Nelsan Ellis, known for playing Lafayette Reynolds on HBO’s “True Blood,” died on Saturday of heart failure related to alcohol withdrawal, according to a statement released by his family on Monday. The actor was 39.
According to the family’s statement, Ellis had attempted to withdraw from alcohol on his own, but had a blood infection that caused his kidneys to “shut down,” his liver to swell, and his blood pressure to drop.

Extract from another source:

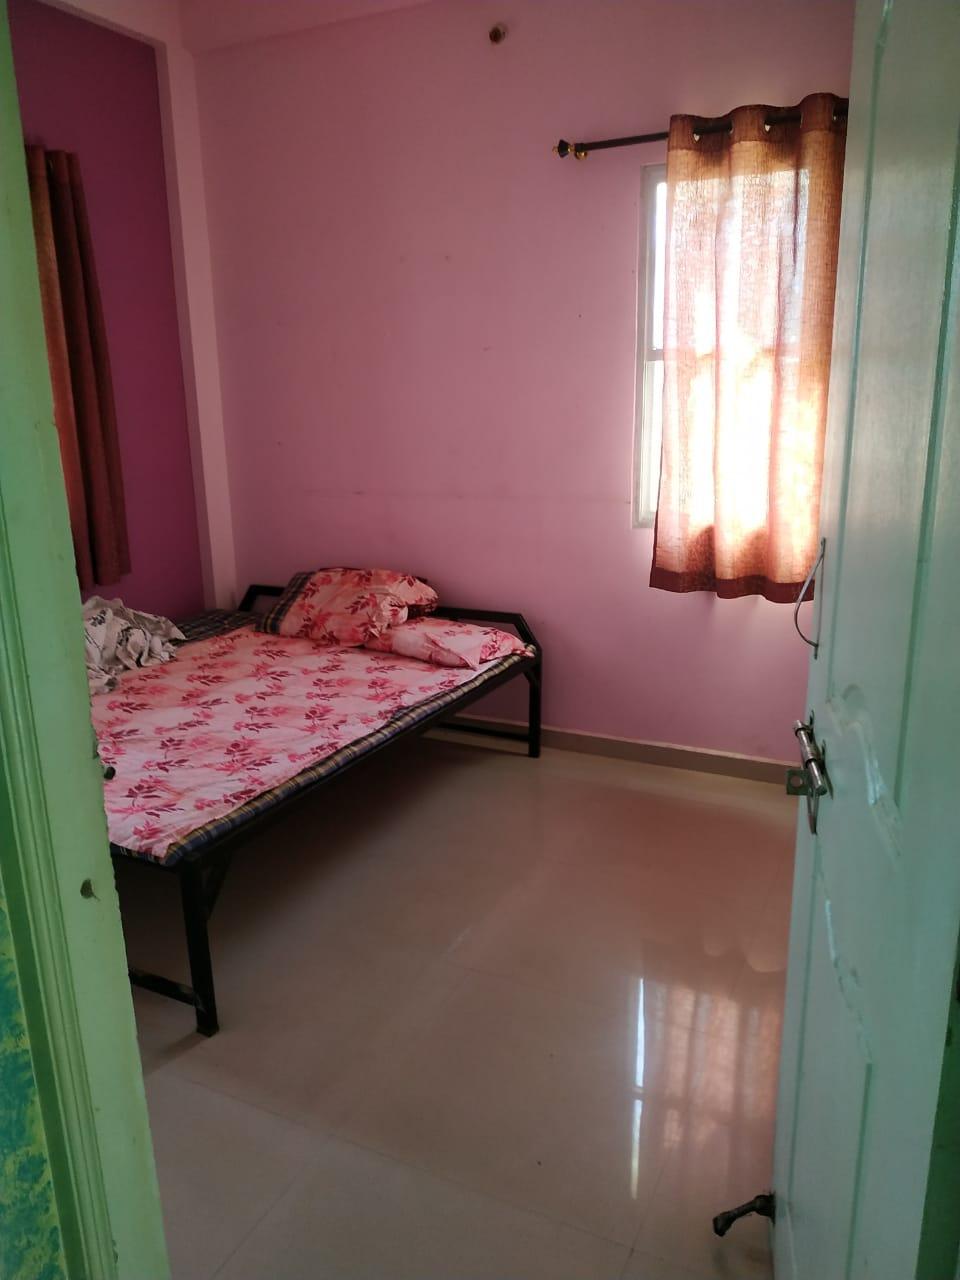 House in Manish Nagar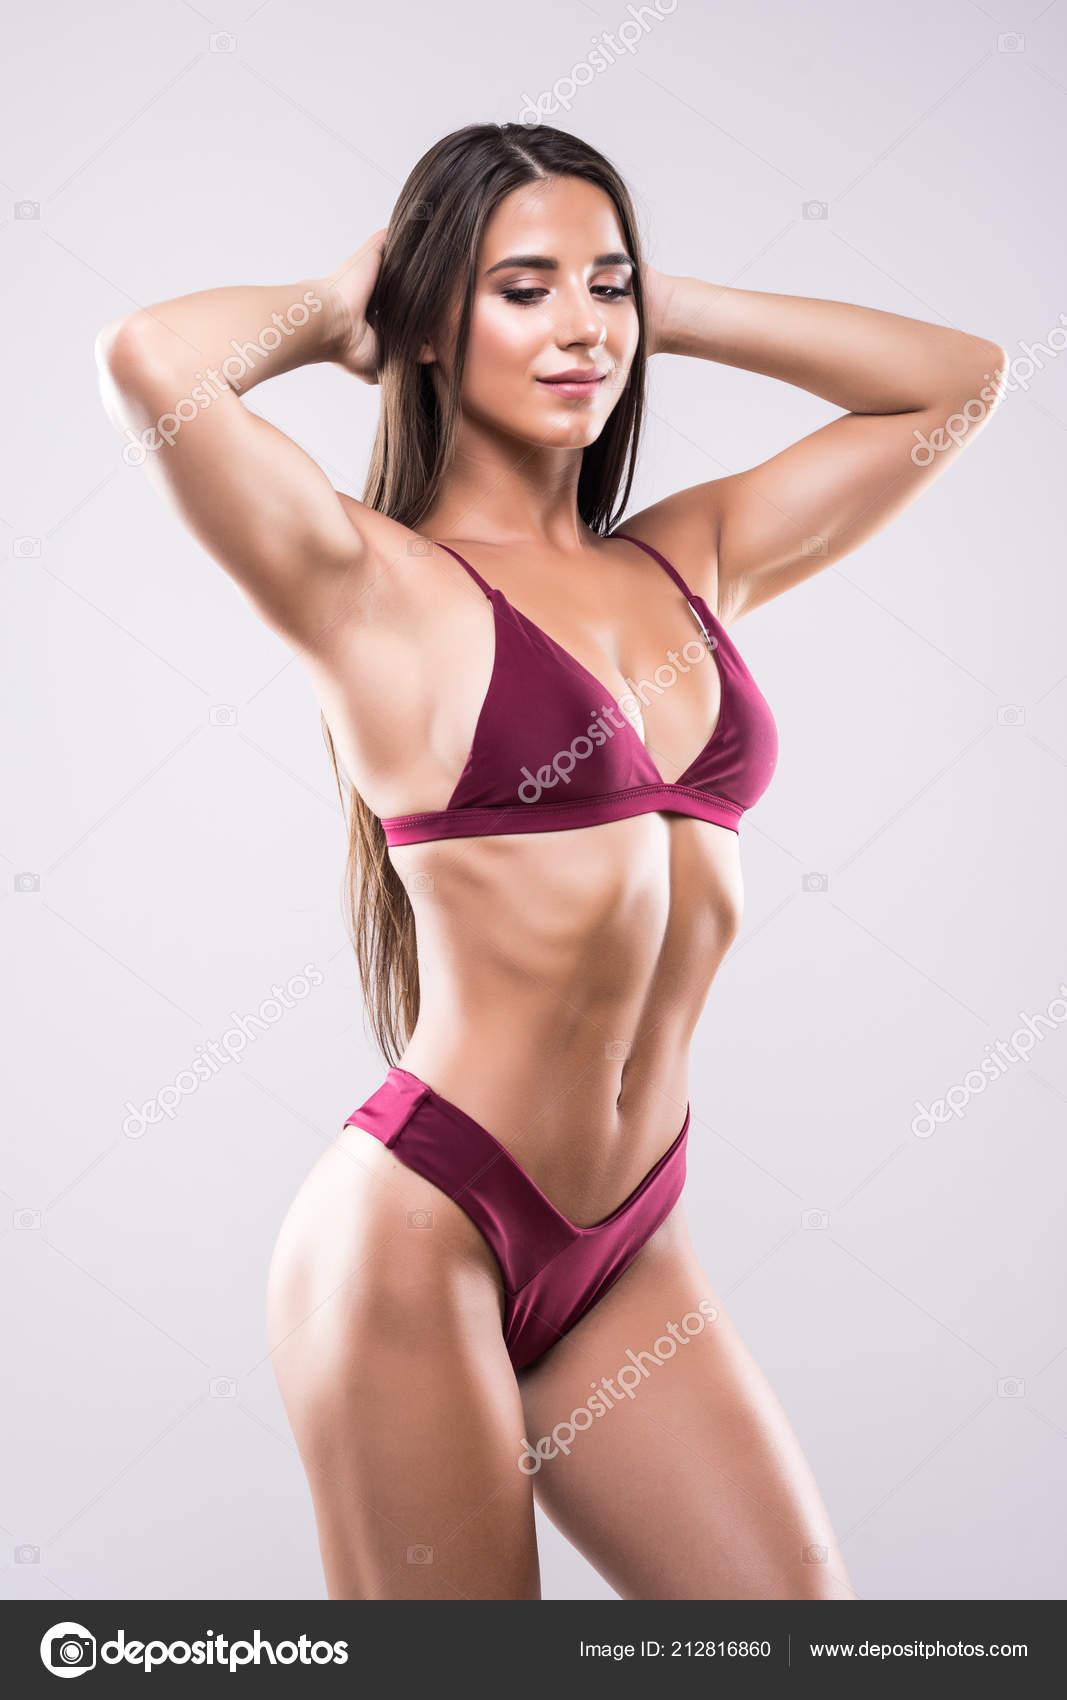 bdf16c46911ad Slim body of woman in bikini. Girl with healthy sporty figure isolated on  white background — Photo by dan.grytsku.gmail.com| ...

Ellis had “suffered with drug and alcohol abuse for years,” according to the statement. But he was “ashamed of his addiction and thus was reluctant to talk about it during his life.” The family hopes his life can “serve as a cautionary tale in an attempt to help others.”
Ellis was born in Harvey, Ill., and moved to Alabama during his childhood before returning to Chicago. He received his B.F.A. from Juilliard, and appeared on “True Blood” between 2008 and 2014.
At Ellis’ time of death, HBO said in a statement, “Nelsan was a long-time member of the HBO family whose groundbreaking portrayal of Lafayette will be remembered fondly within the overall legacy of ‘True Blood.’ Nelsan will be dearly missed by his fans and all of us at HBO.”
Read the full statement from Ellis’ family, released to Variety through his manager Emily Gerson Saines, below:
Nelsan’s father has bravely agreed for me to share the circumstances of Nelsan’s heart failure. Nelsan has suffered with drug and alcohol abuse for years. After many stints in rehab, Nelsan attempted to withdraw from alcohol on his own. According to his father, during his withdrawal from alcohol he had a blood infection, his kidneys shut down, his liver was swollen, his blood pressure plummeted, and his dear sweet heart raced out of control.
On the morning of Saturday July 8th, after four days in Woodhull Hospital, Nelsan was pronounced dead. Nelsan was a gentle, generous, and kind soul. He was a father, a son, a grandson, a brother, a nephew, and a great friend to those that were lucky enough to know him. Nelsan was ashamed of his addiction and thus was reluctant to talk about it during his life. His family, however, believes that in death he would want his life to serve as a cautionary tale in an attempt to help others.